*** Opening INPUT ***

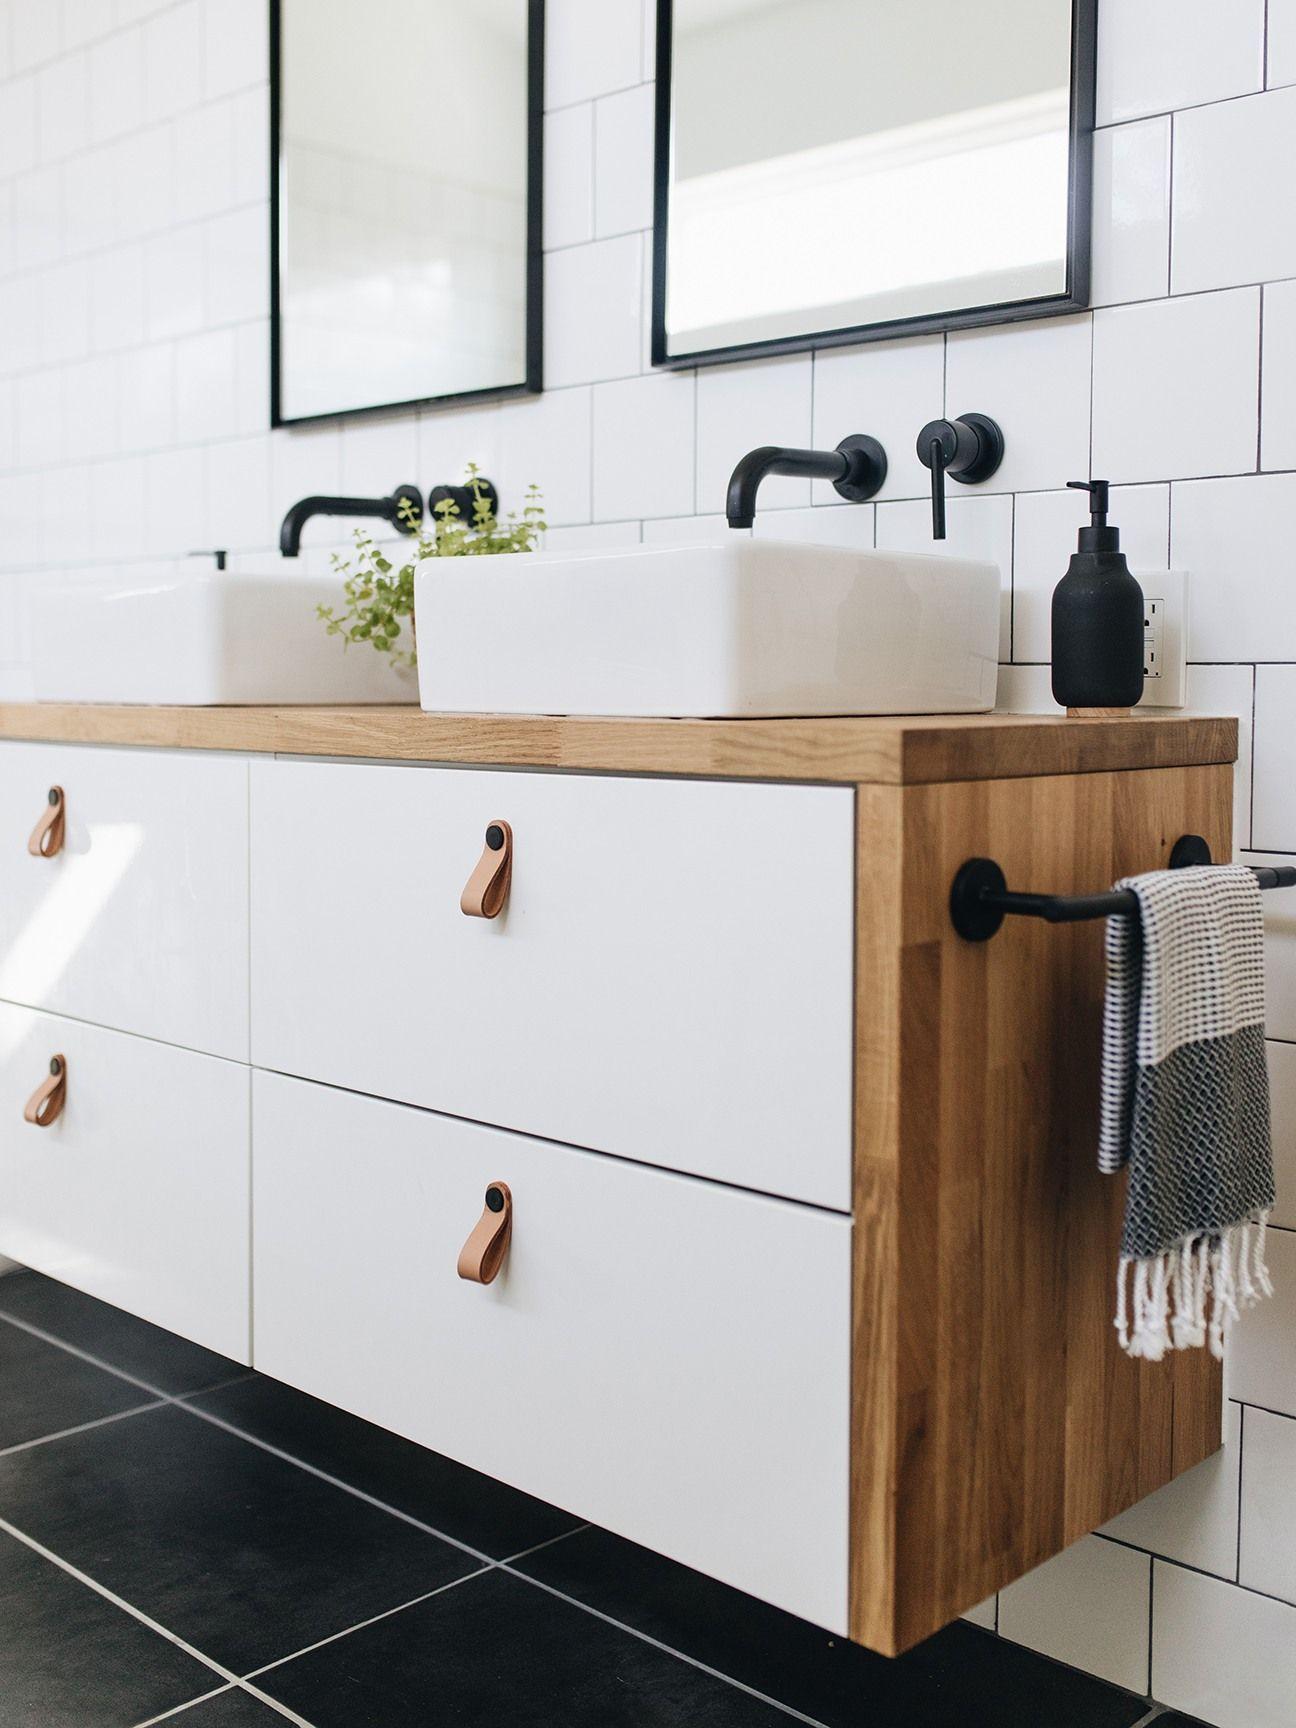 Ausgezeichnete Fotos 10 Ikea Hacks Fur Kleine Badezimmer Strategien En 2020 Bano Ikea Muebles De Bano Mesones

*** Closing INPUT ***
*** Opening INPUT ***

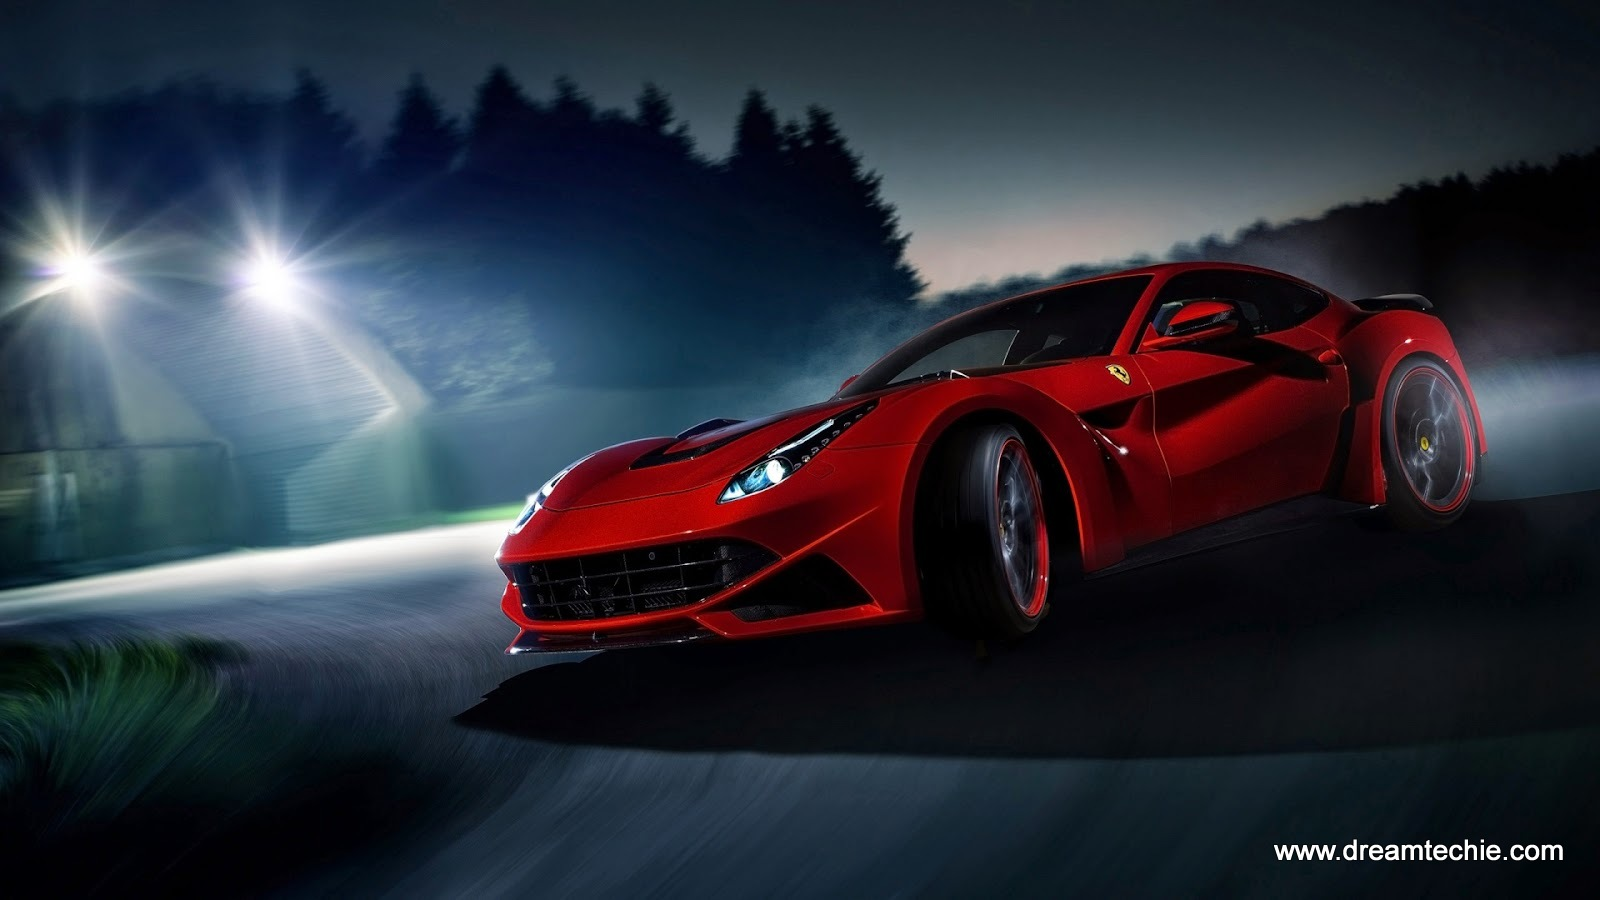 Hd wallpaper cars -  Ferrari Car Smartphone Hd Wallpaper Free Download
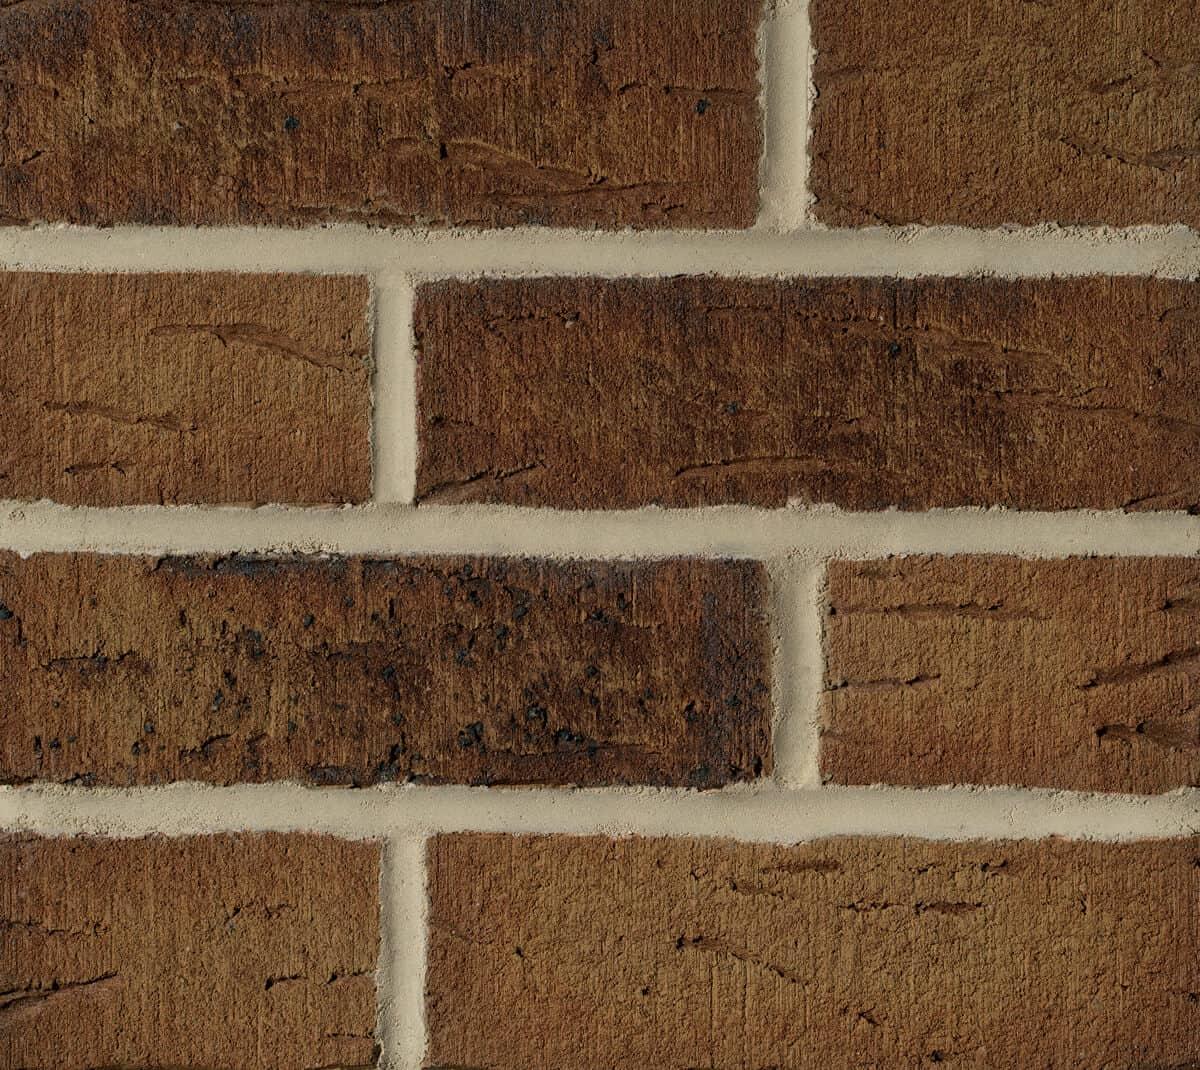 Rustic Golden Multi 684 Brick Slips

*** Closing INPUT ***

• WHAT YOU ARE ASKED TO DO: The lines above from the line with "Hd wallpaper cars" through the line with "Rustic Golden Multi 684 Brick Slips" are to be given again word for word, with no pictures among them.

• ANSWER FOR THIS EXERCISE:
 Hd wallpaper cars -  Ferrari Car Smartphone Hd Wallpaper Free Download
 Rustic Golden Multi 684 Brick Slips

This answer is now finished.